**THE TASK:** Please return exactly the lines from the beginning of the listing up to and including the line with "Oval Cut Antique", with no pictures.

BEGIN EXERCISE DATA

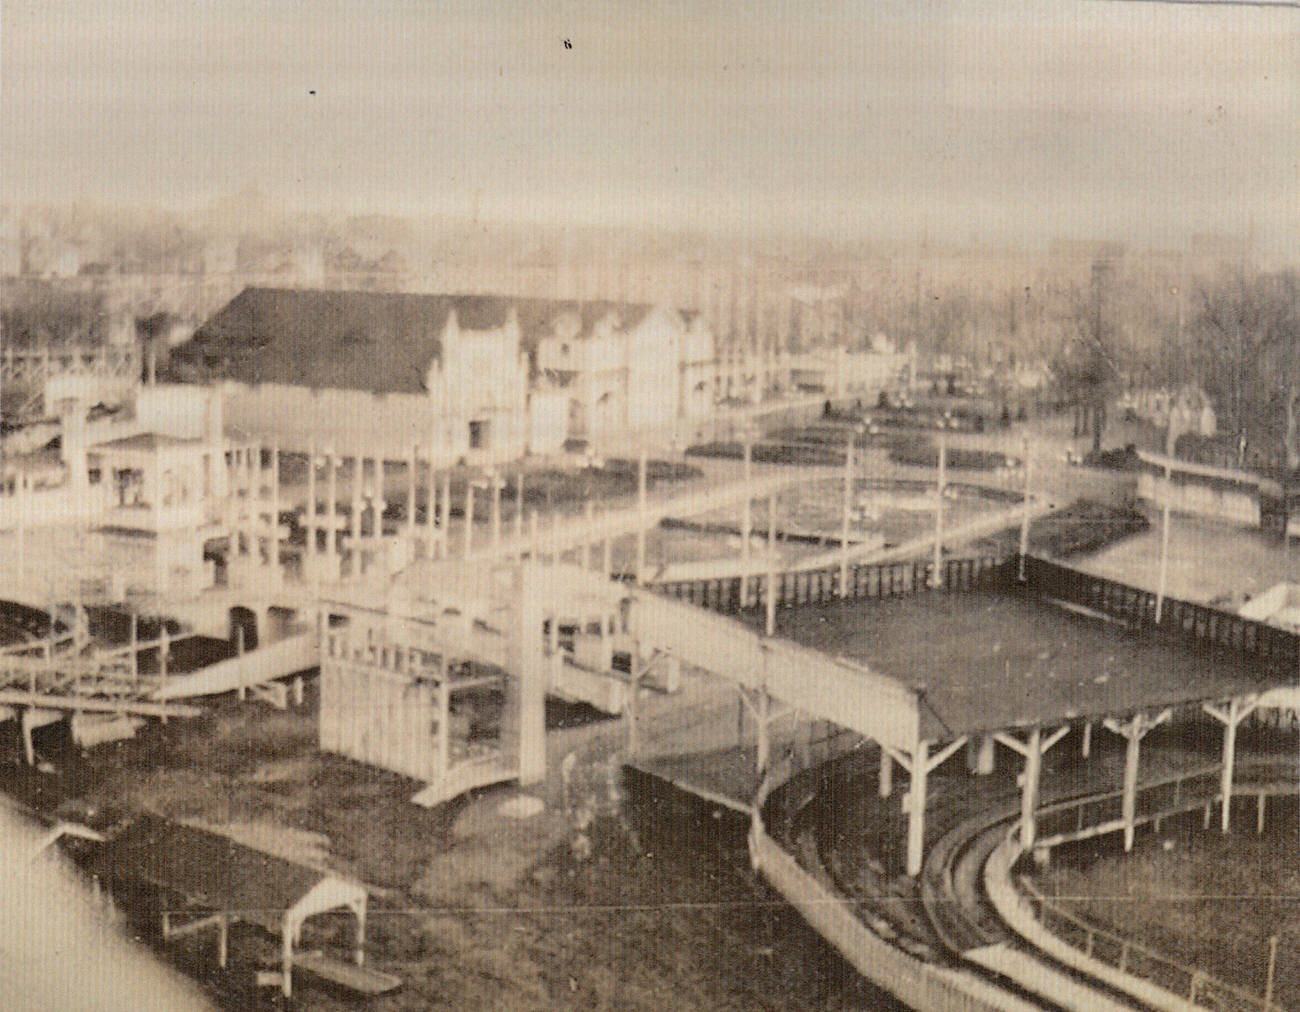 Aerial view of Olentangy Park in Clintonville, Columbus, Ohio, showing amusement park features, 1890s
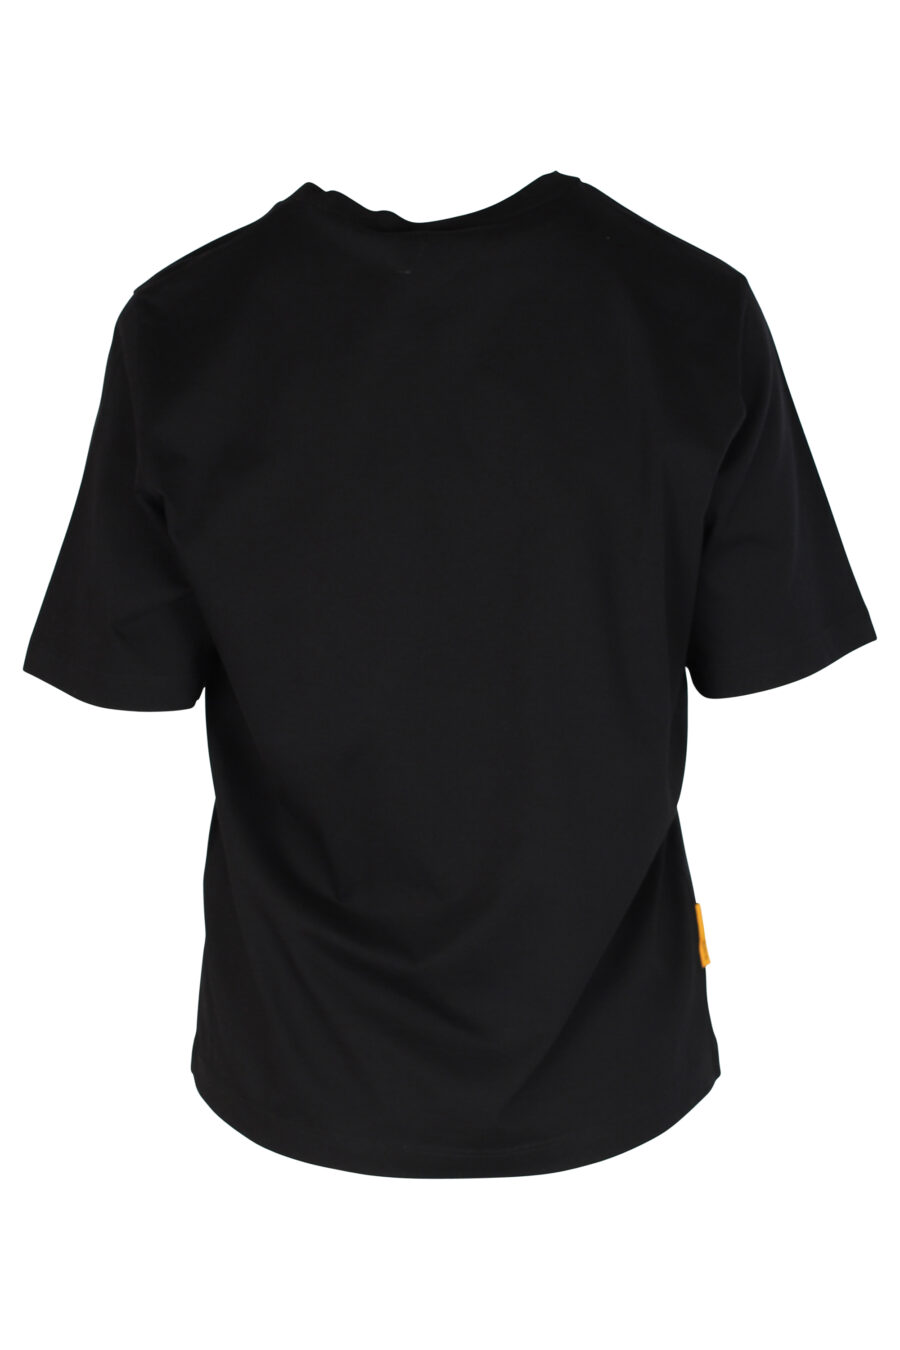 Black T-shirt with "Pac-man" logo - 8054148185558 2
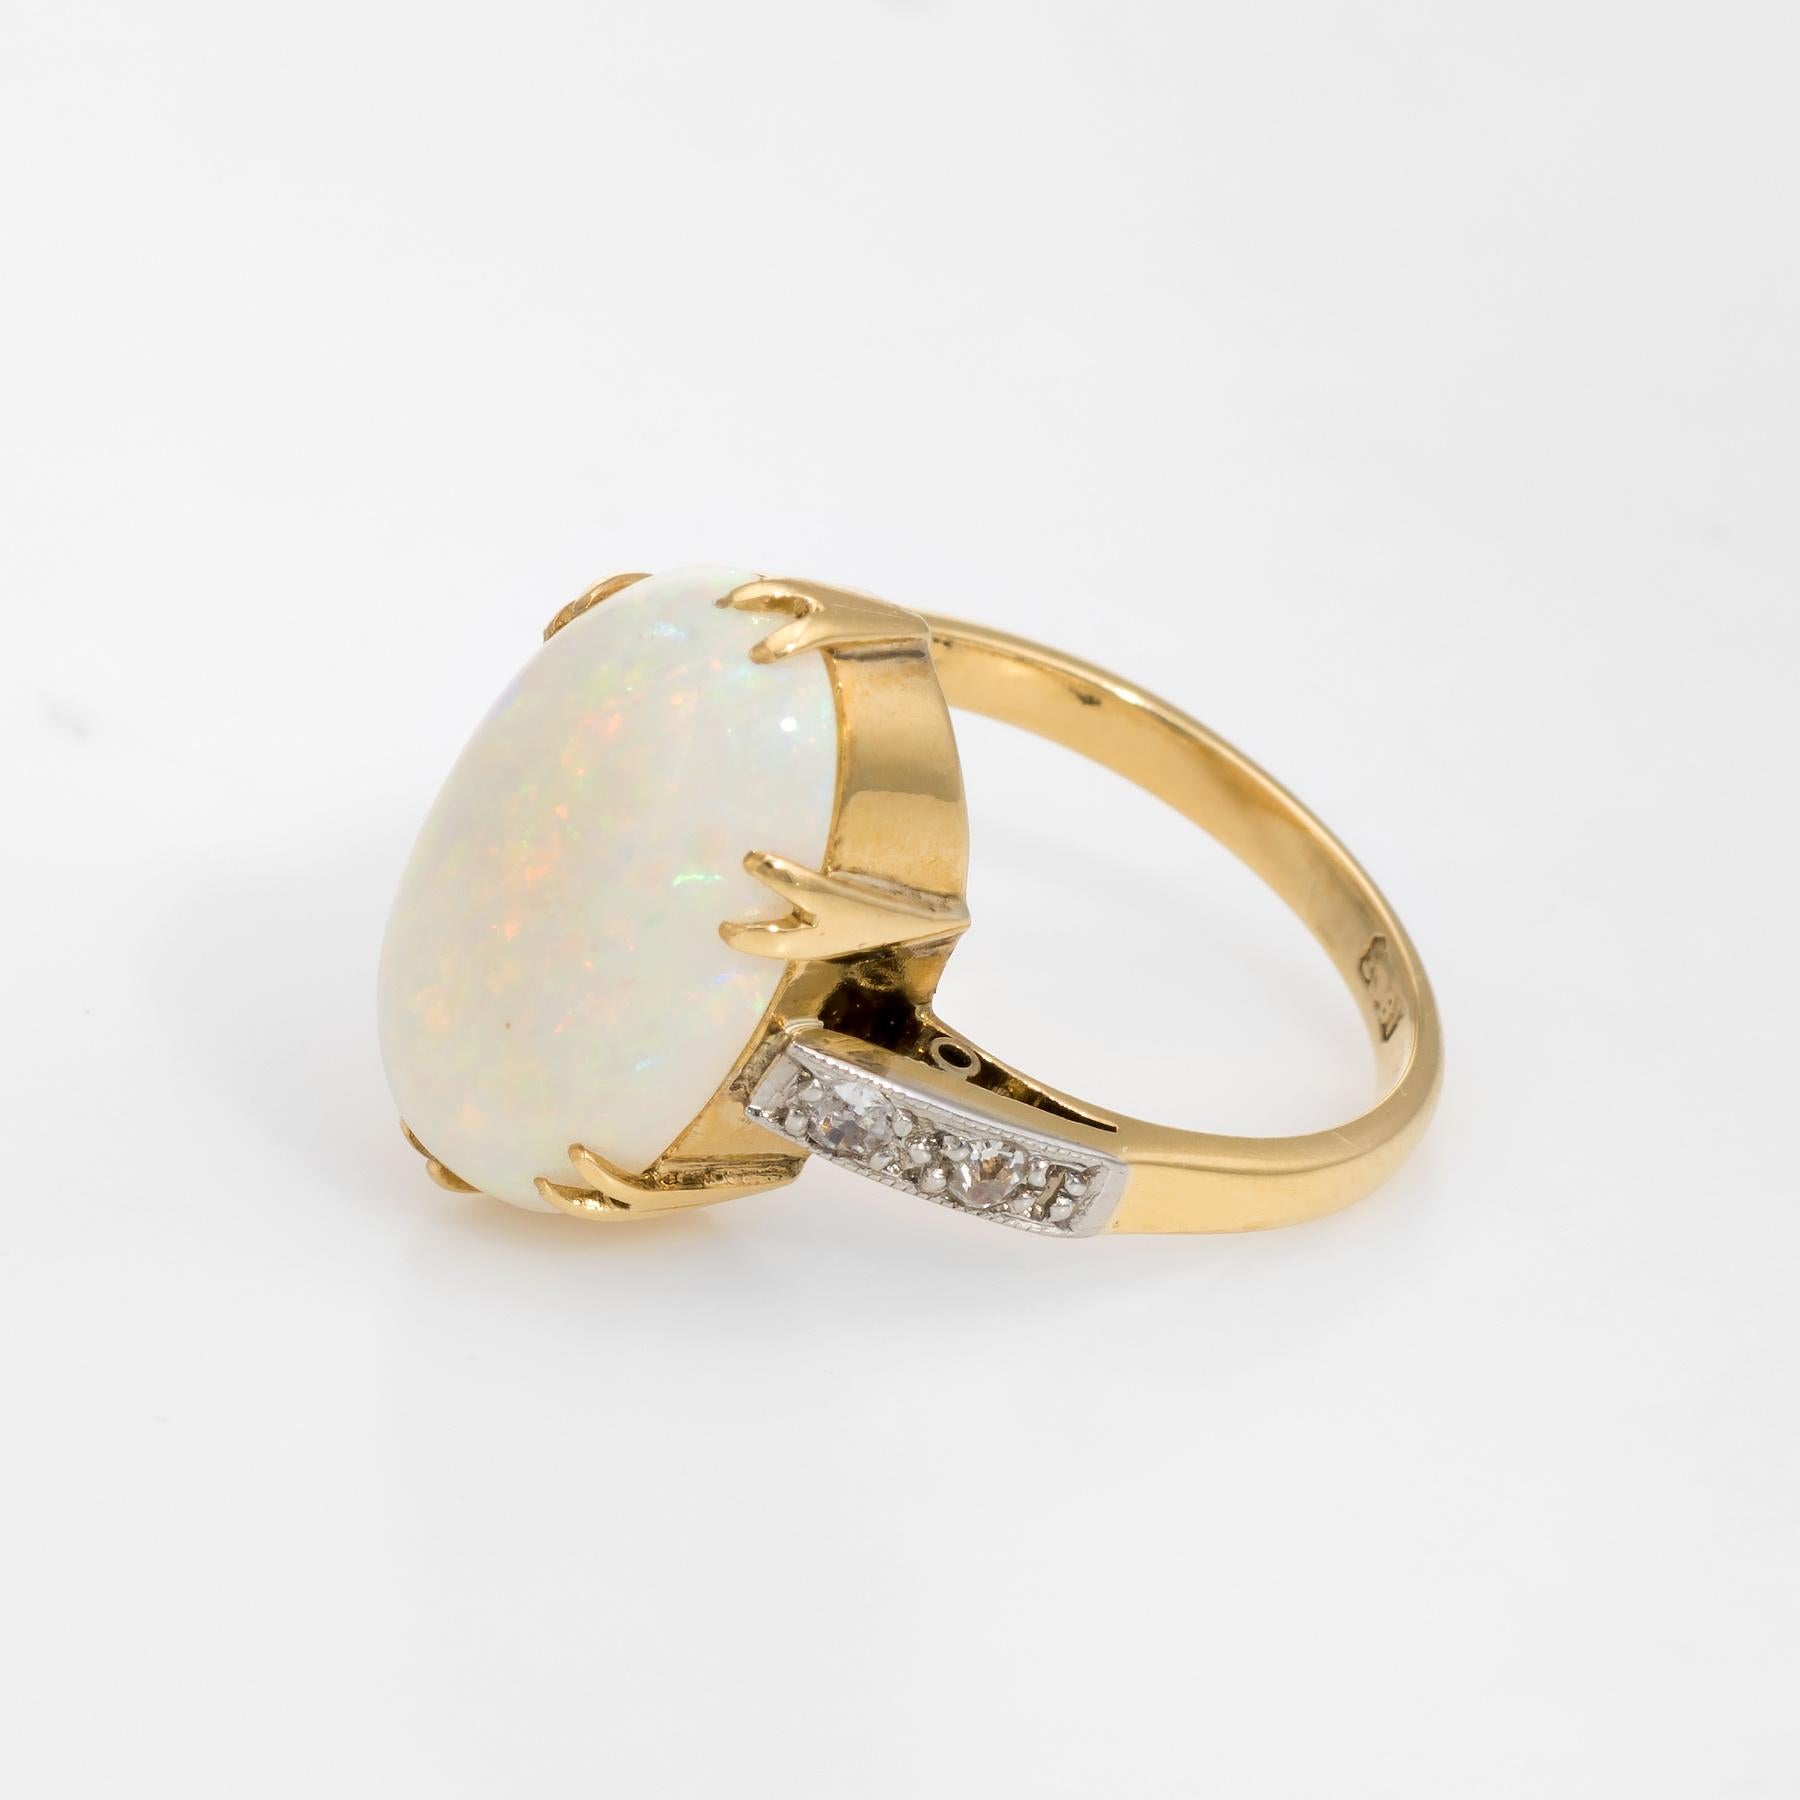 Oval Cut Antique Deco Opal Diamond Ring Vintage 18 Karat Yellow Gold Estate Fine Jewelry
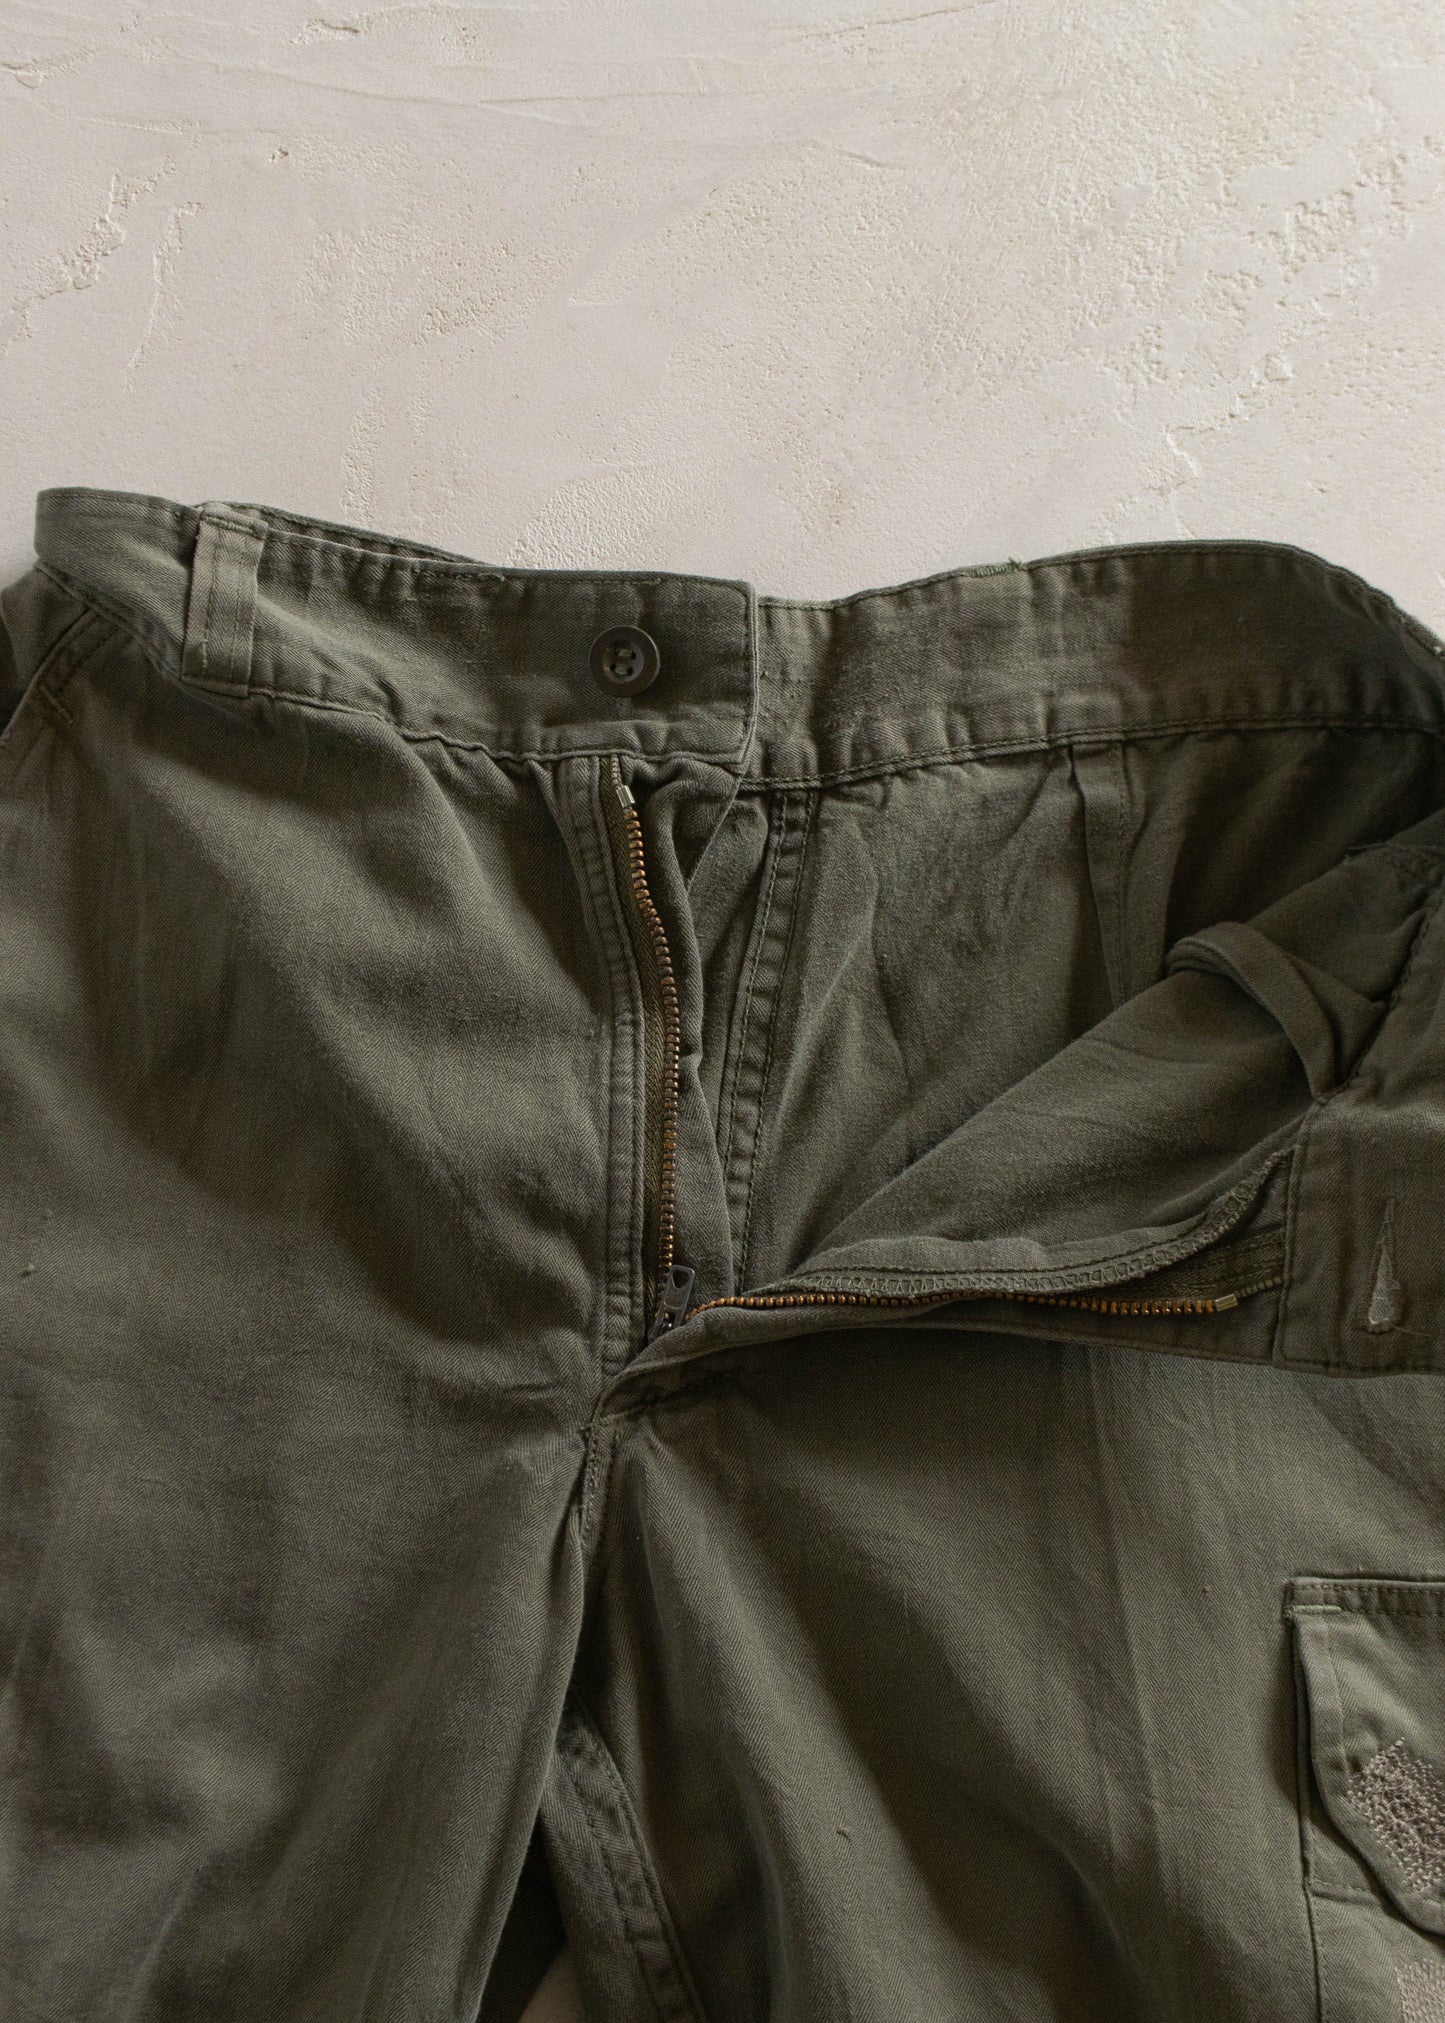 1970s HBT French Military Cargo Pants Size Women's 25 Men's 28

END EXERCISE DATA

**REPLY TO THE TASK:**
 Aerial view of Olentangy Park in Clintonville, Columbus, Ohio, showing amusement park features, 1890s
 Black T-shirt with "Pac-man" logo - 8054148185558 2
 Oval Cut Antique Deco Opal Diamond Ring Vintage 18 Karat Yellow Gold Estate Fine Jewelry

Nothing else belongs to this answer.